## What you need to do
Every entry must be set down exactly in the answer; no pictures should appear.

## The data

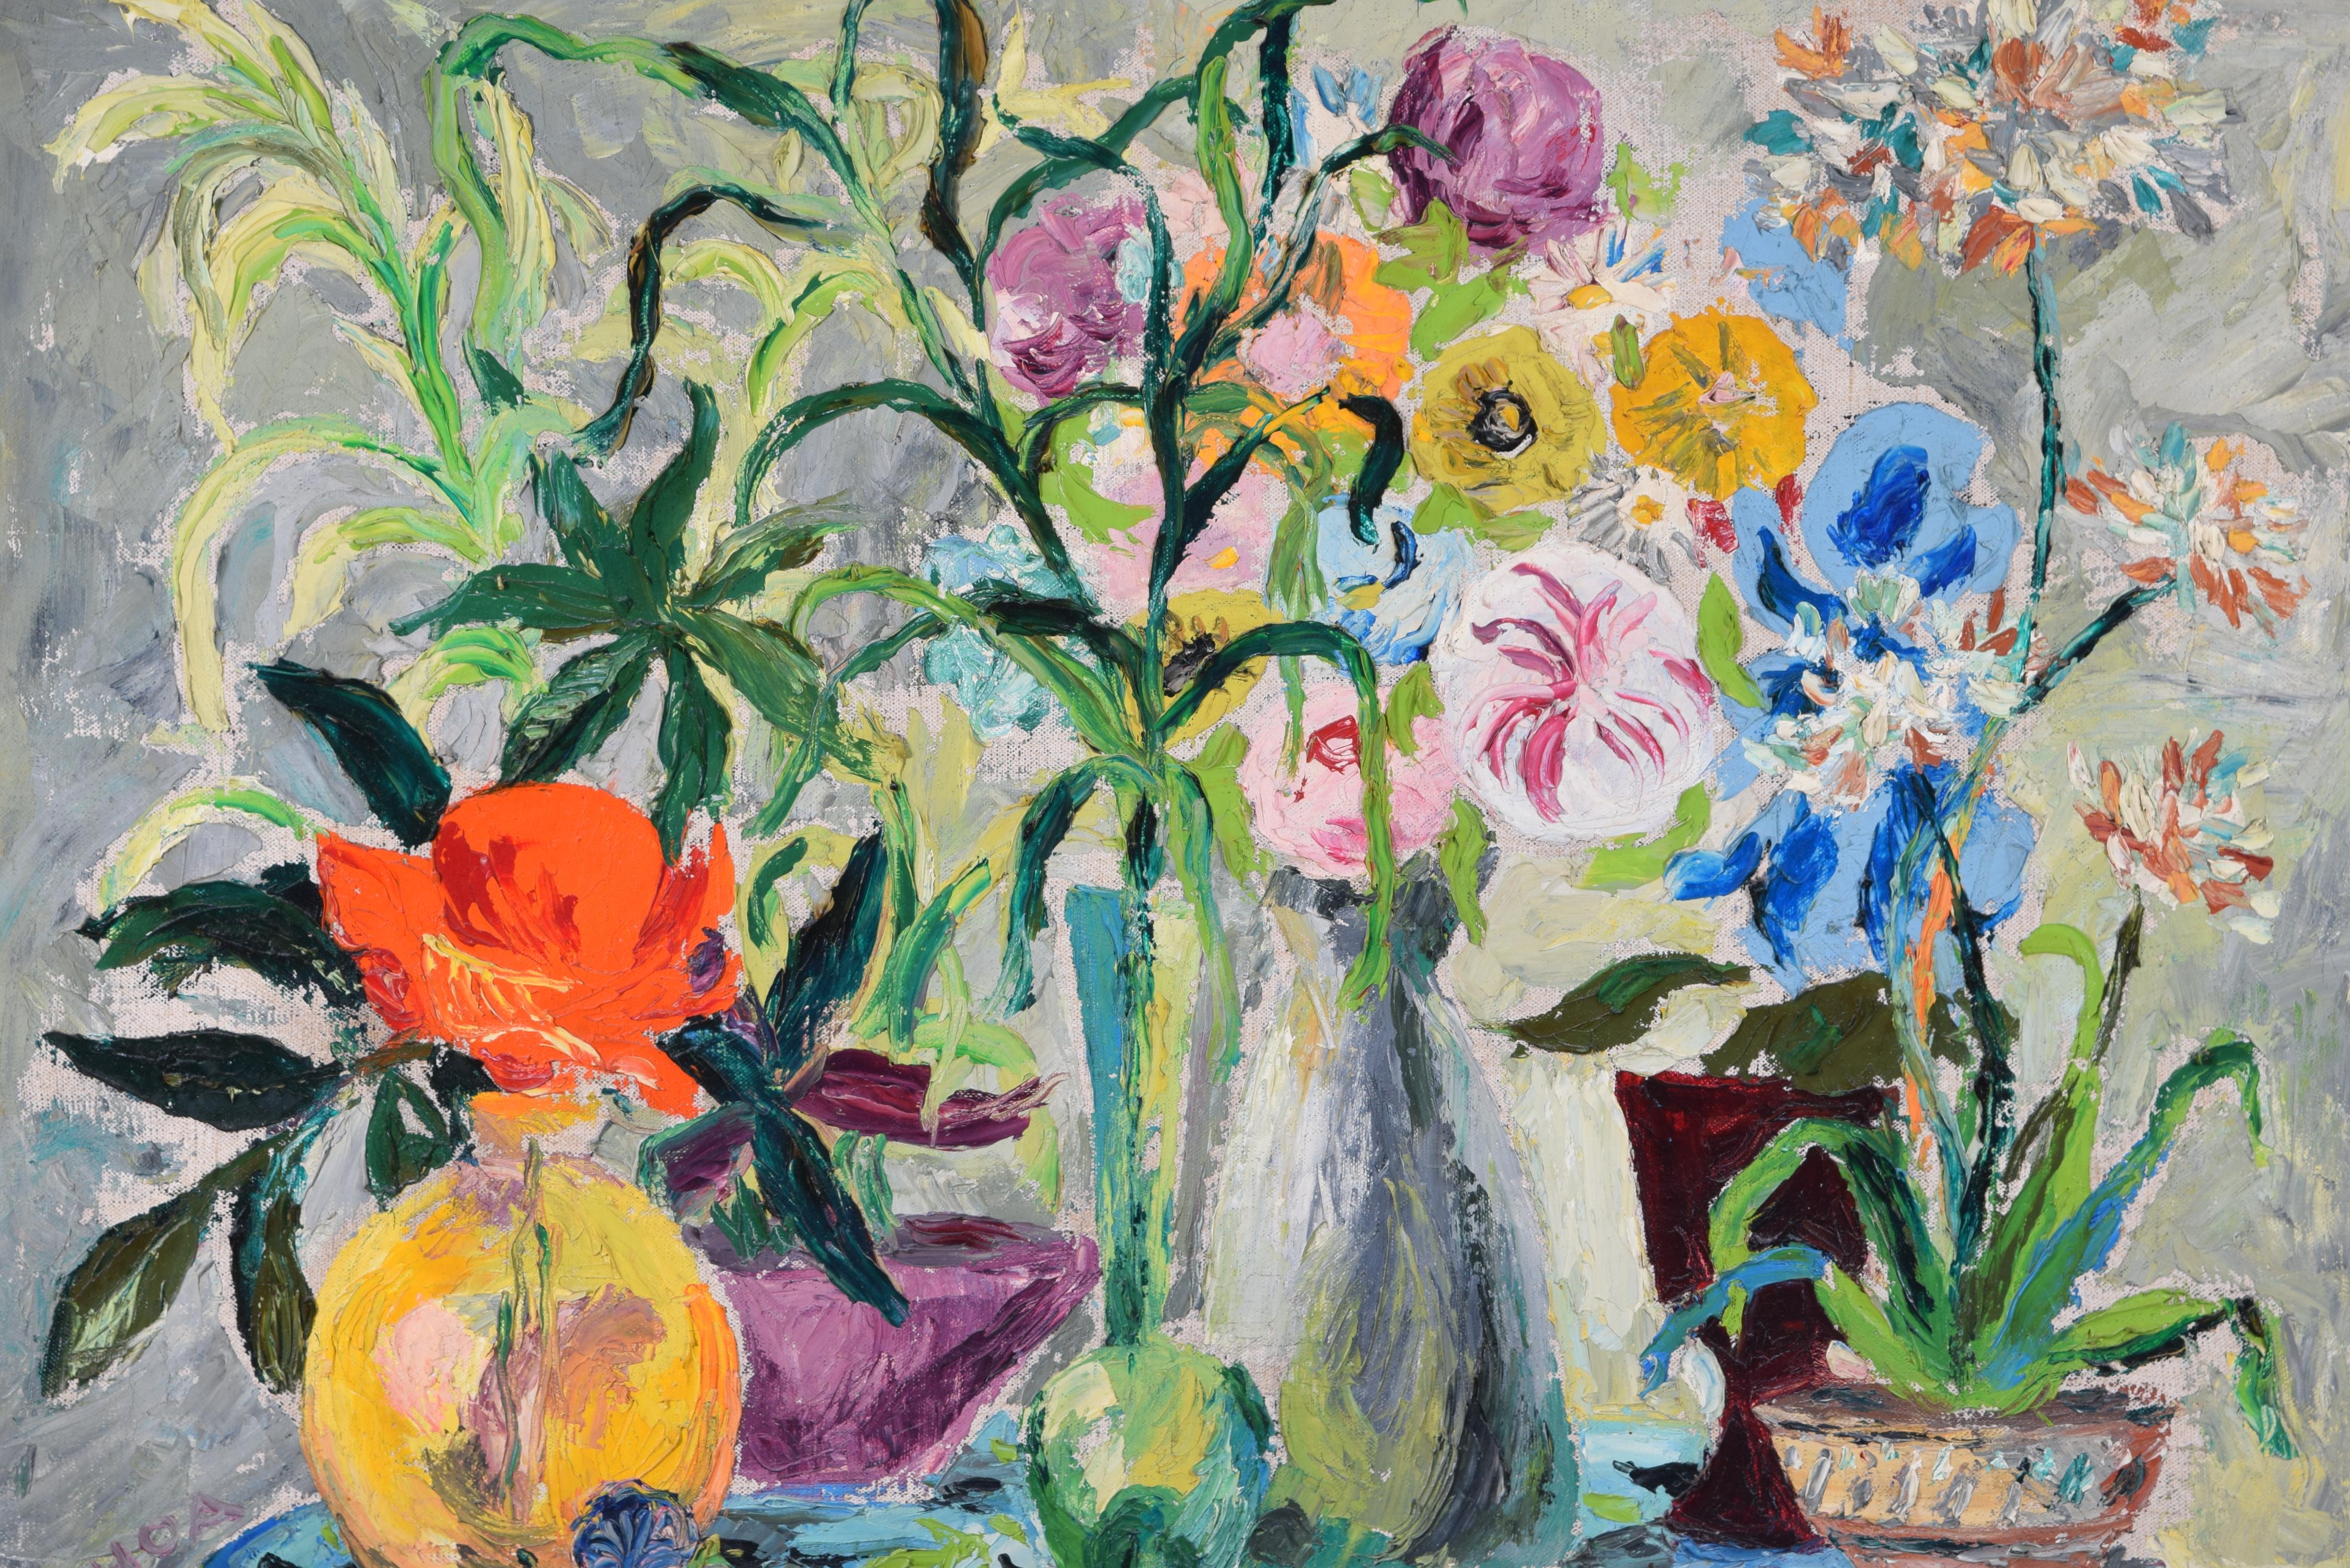 Still life of flowers. Oil on canvas. GARCÍA-OCHOA IBÁÑEZ, Luis (San Sebastián, 1920-Madrid, 2019). 1949. 
Signed and dated towards the lower left corner. Label on the back. 
Still life that shows a round table covered with cloth and a series of
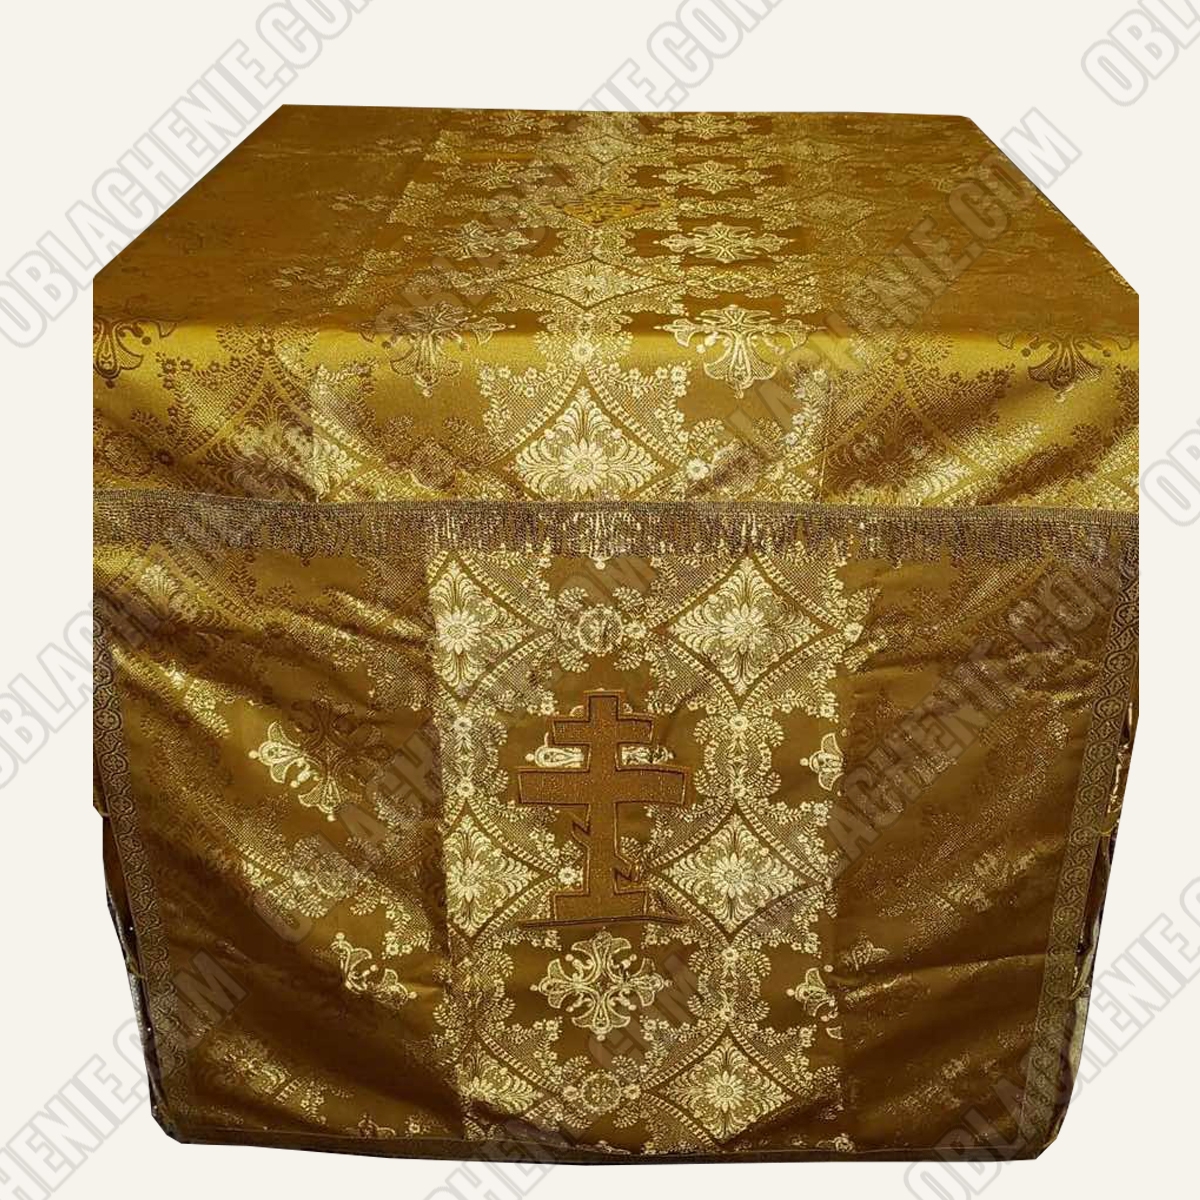 HOLY TABLE VESTMENTS 11126
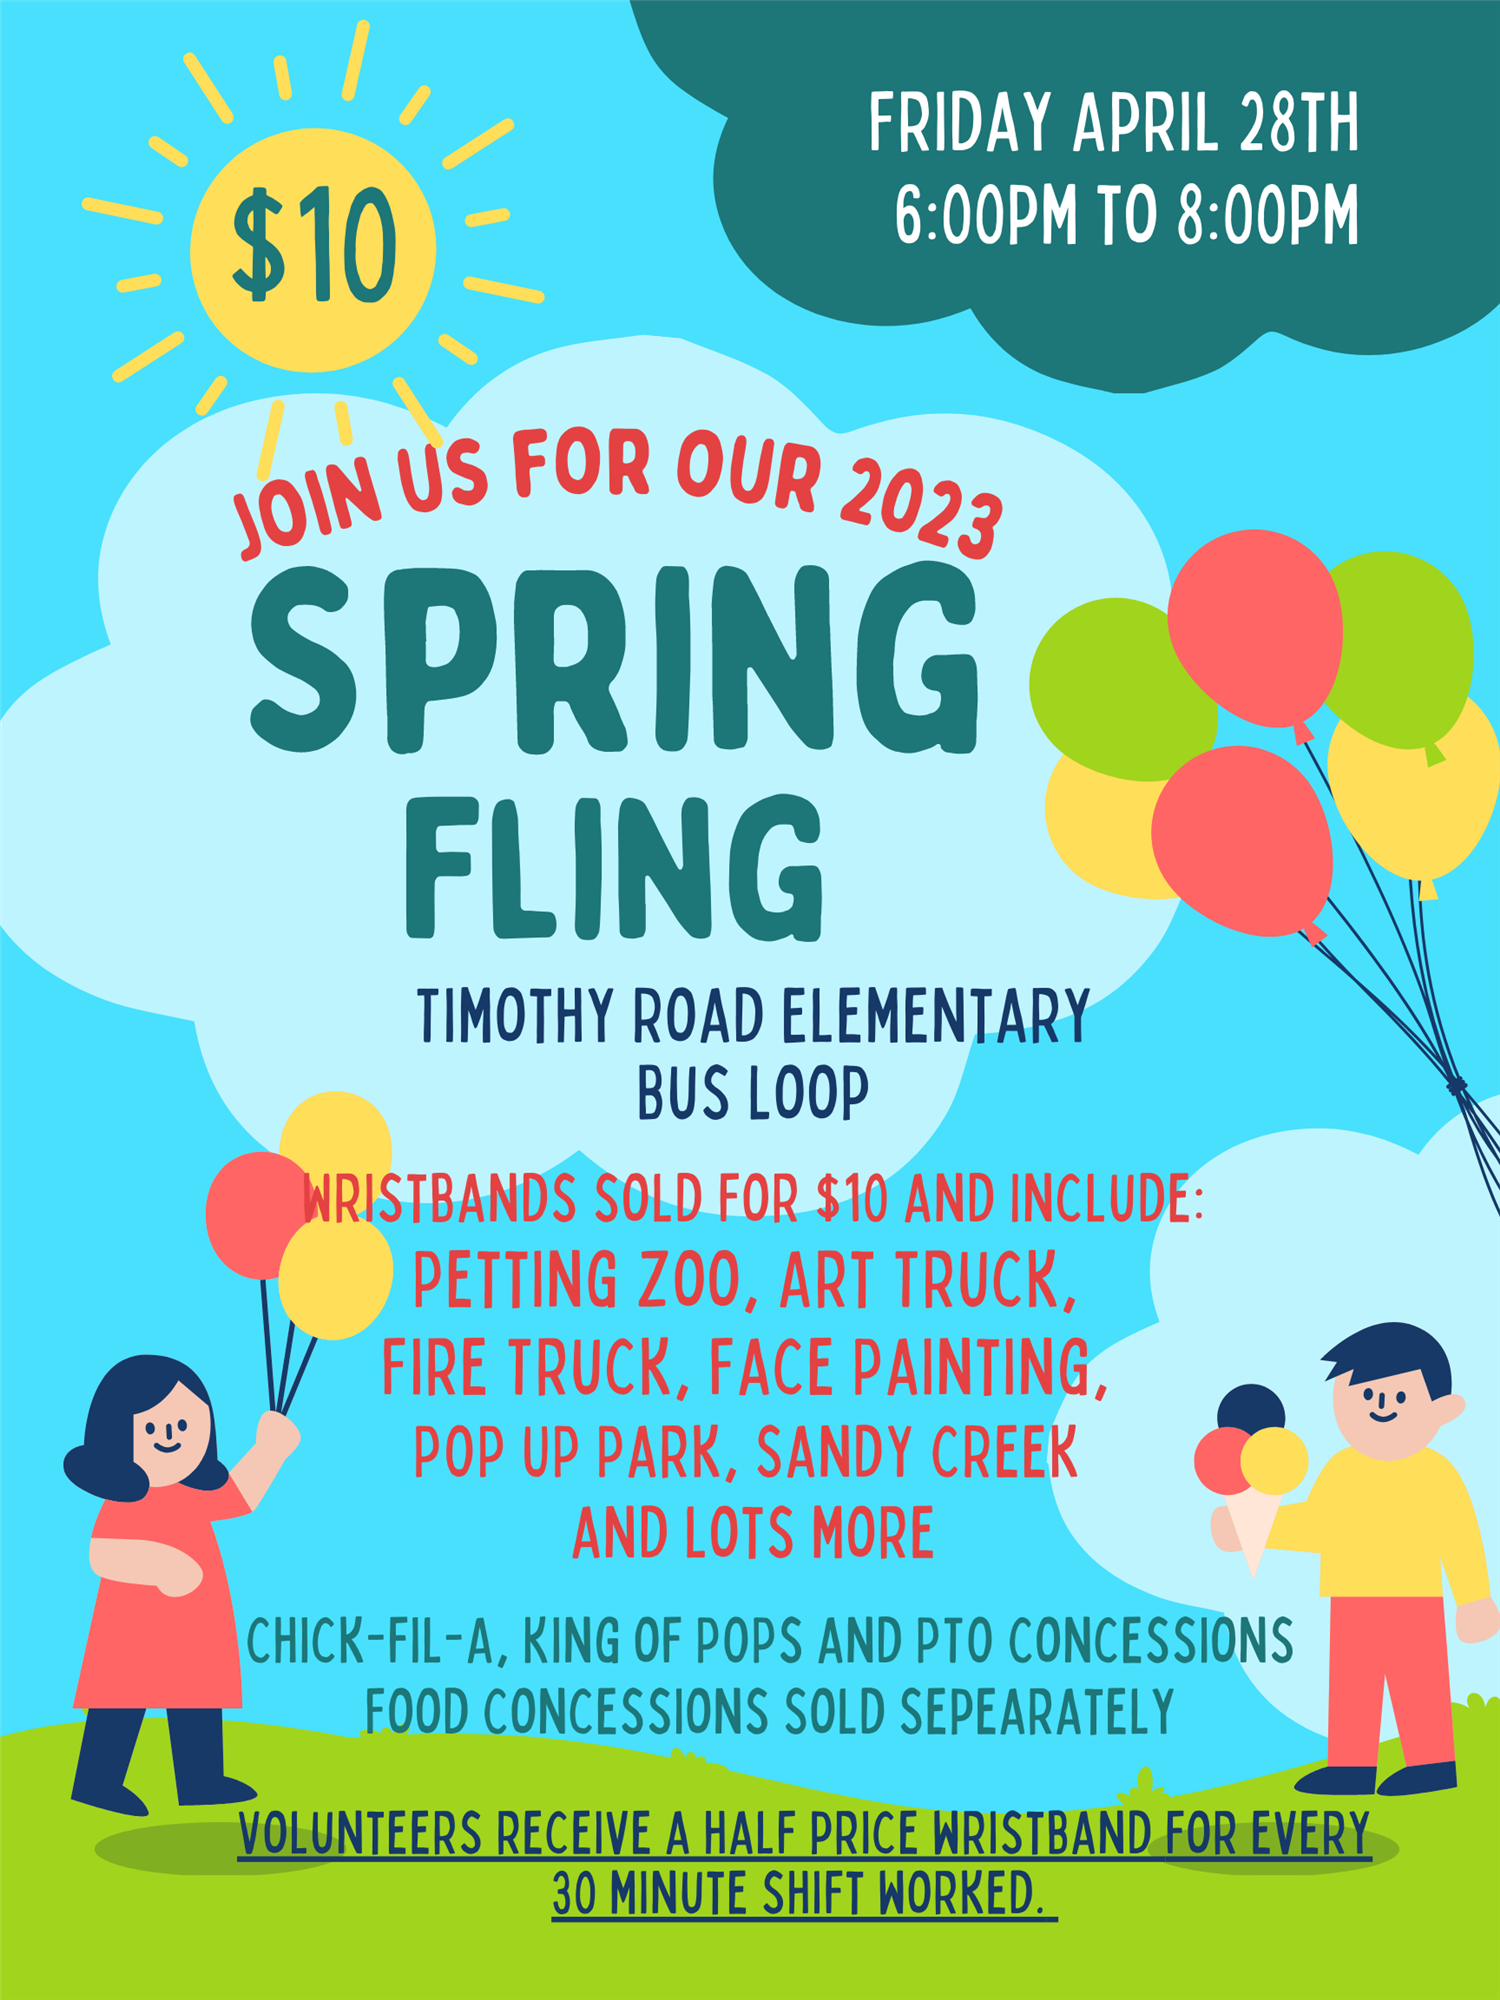 Join us for our Spring Fling April 28th! Sign up to volunteer at https://www.signupgenius.com/go/20F0845AAA62DAB9-spring2

## Result of this task
 Still life of flowers. Oil on canvas. GARCÍA-OCHOA IBÁÑEZ, Luis (San Sebastián, 1920-Madrid, 2019). 1949. 
Signed and dated towards the lower left corner. Label on the back. 
Still life that shows a round table covered with cloth and a series of
 HOLY TABLE VESTMENTS 11126
 Join us for our Spring Fling April 28th! Sign up to volunteer at https://www.signupgenius.com/go/20F0845AAA62DAB9-spring2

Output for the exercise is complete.